Accordingly in some cases the PEPIs of the active ingredient polypeptides are from two or more different target polypeptide antigens, for example different antigens associated with a specific disease or condition, for example different cancer- or tumor-associated antigens or antigens expressed by a target pathogen. In some cases the PEPIs are from a total of or at least 2, 3, 4, 5, 6, 7, 8, 9, 10, 11, 12, 13, 14, 15, 16, 17, 18, 19, 20, 21, 22, 23, 24, 25, 26, 27, 28, 29, 30, 31, 32, 33, 34, 35, 36, 37, 38, 39 or 40 or more different target polypeptide antigens. The different target polypeptide antigens may be any different polypeptides that it is useful to target or that can be selectively targeted with different PEPI3+s. In some cases different target polypeptide antigens are non-homologues or non-paralogues or have less than 95%, or 90%, or 85% or 80% or 75% or 70% or 60% or 50% sequence identity across the full length of each polypeptide. In some cases different polypeptides are those that do not share any PEPI3+s Alternatively, in some cases the PEPI3+s are from different target polypeptide antigens when they are not shared with other polypeptide antigens targeted by the active ingredient polypeptides.

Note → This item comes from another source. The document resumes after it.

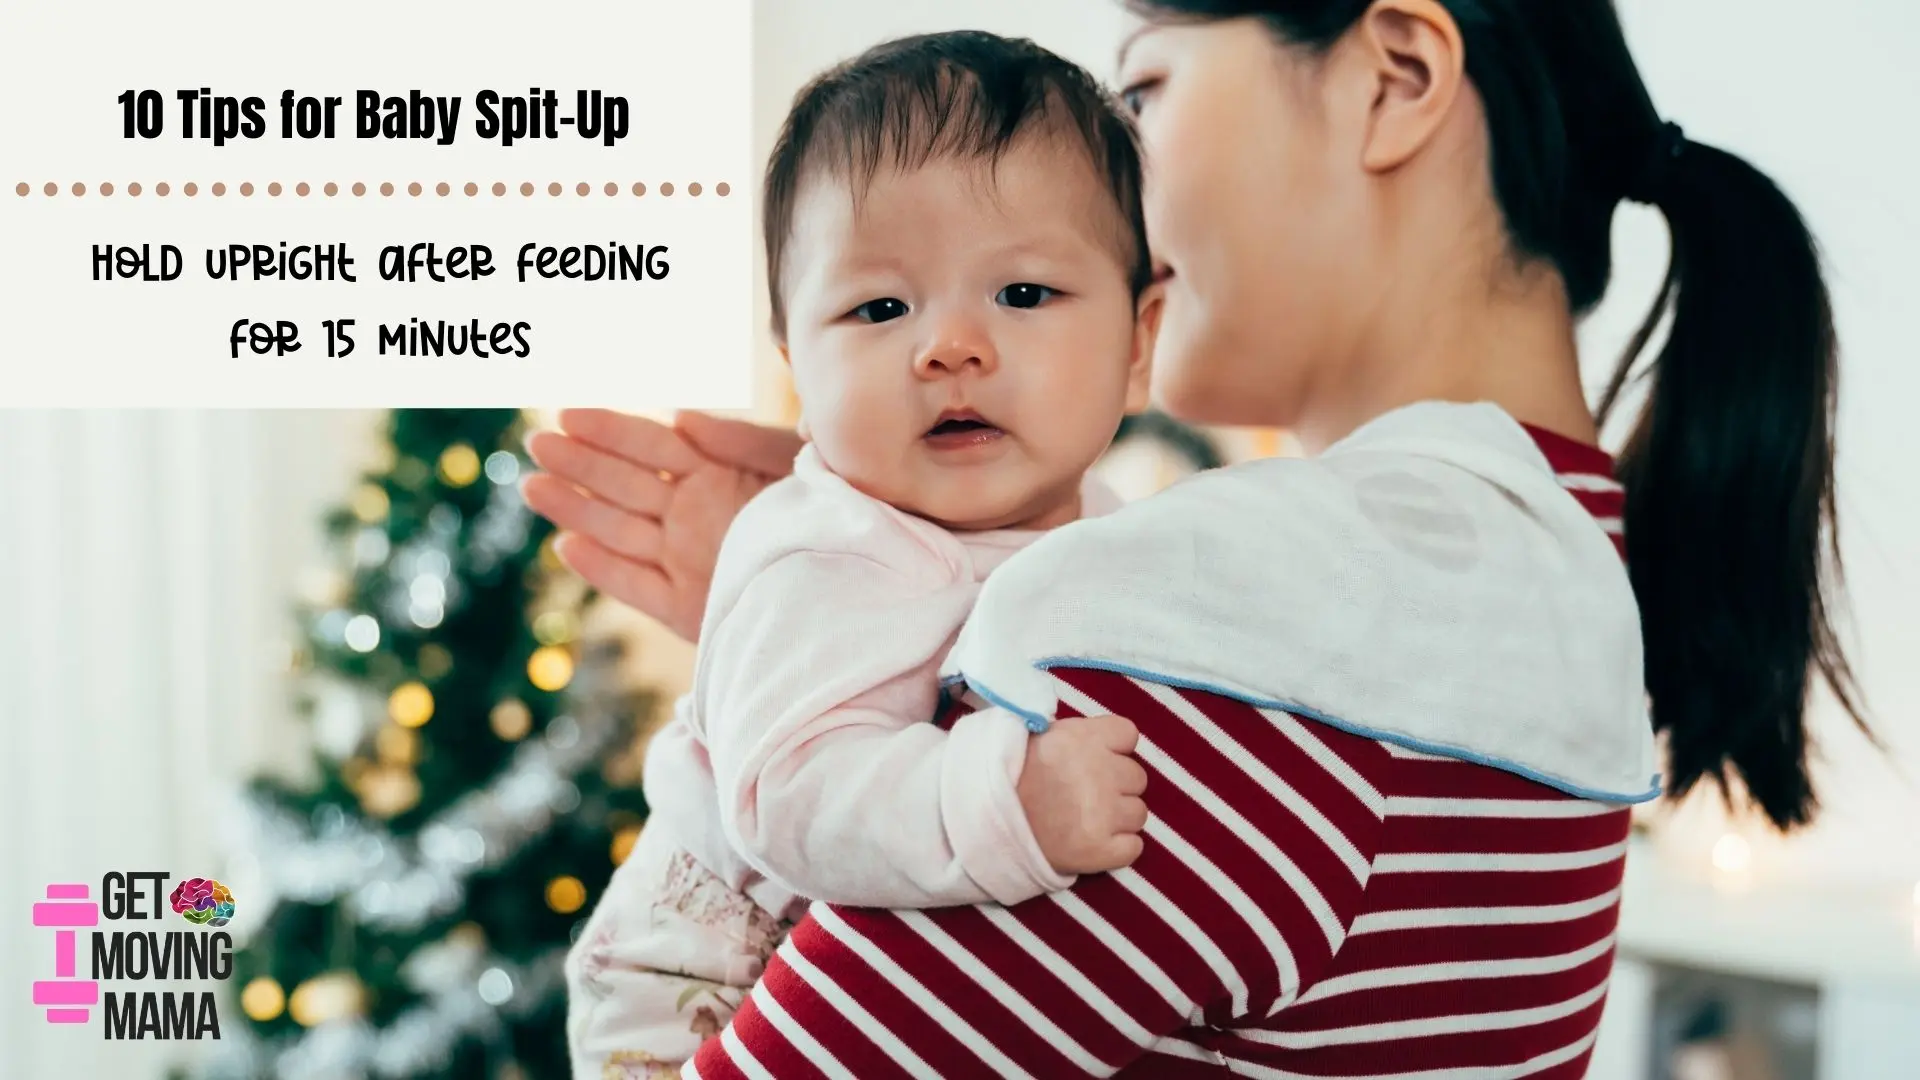 A picture of a mom burping a baby on her shoulder with a Christmas tree in the background.
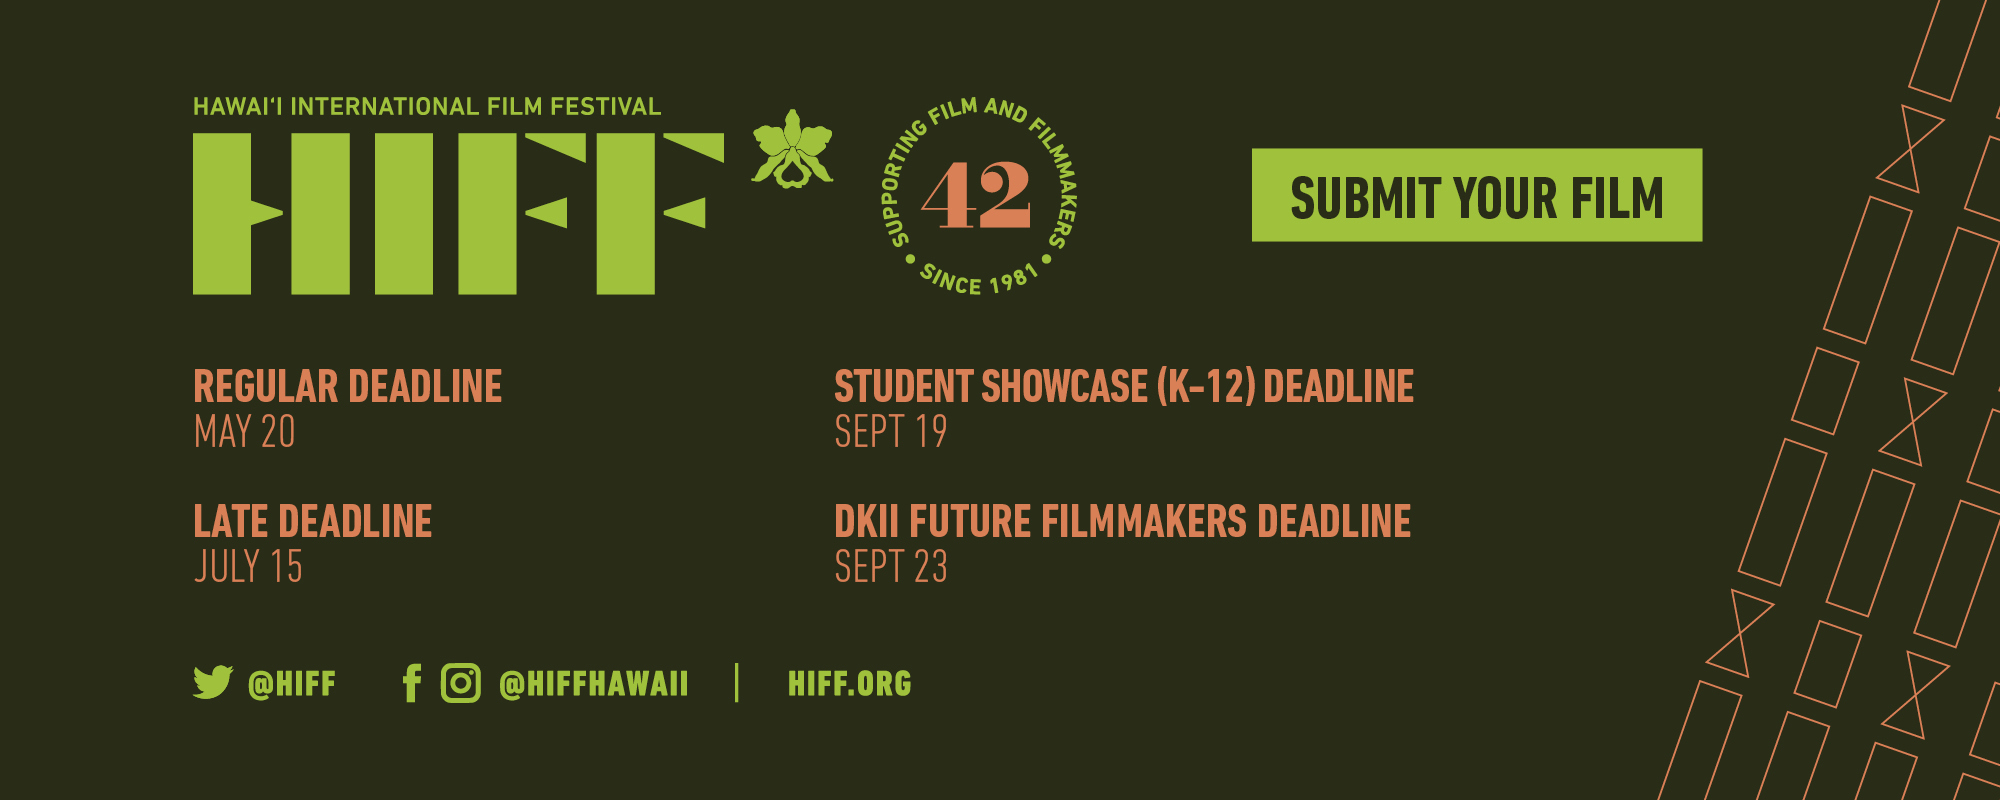 HIFF42 SUBMISSIONS

In some cases one or more or each of the immunogenic polypeptide fragments is from a polypeptide that is present in a sample taken from the specific human subject. This indicates that the polypeptide is expressed in the subject, for example a cancer- or tumor-associated antigen or a cancer testis antigen expressed by cancer cells of the subject. In some cases one or more or each of the polypeptides is a mutational neoantigen, or an expressional neoantigen of the subject. One or more or each fragment may comprise a neoantigen specific mutation. Since mutational neoantigens are subject specific, a composition that targets one or more neoantigen specific mutations is personalised with regard to both their specific disease and their specific HLA set.


In other cases one or more or each of the immunogenic polypeptide fragments is from a target polypeptide antigen that is not generally expressed or is minimally expressed in normal healthy cells or tissue, but is expressed in a high proportion of (with a high frequency in) subjects or in the diseased cells of a subject having a particular disease or condition, as described above. The method my comprise identifying or selecting such a target polypeptide antigen. In some cases two or more or each of the immunogenic polypeptide fragments/PEPIs are from different cancer- or tumor-associated antigens that are each (over-)expressed with a high frequency in subjects having a type of cancer or a cancer derived from a particular cell type or tissue. In some cases the immunogenic polypeptide fragments are from a total of or at least 1, 2, 3, 4, 5, 6, 7, 8, 9, 10, 11, 12, 13, 14, 15, 16, 17, 18, 19, 20, 21, 22, 23, 24, 25, 26, 27, 28, 29, 30, 31, 32, 33, 34, 35, 36, 37, 38, 39 or 40 different cancer- or tumor-associated polypeptides. In some cases one or more or each or at least one, at least two, at least three, at least four, at least five or at least six or at least seven of the polypeptides are selected from the antigens listed in any one of Tables 2 to 7.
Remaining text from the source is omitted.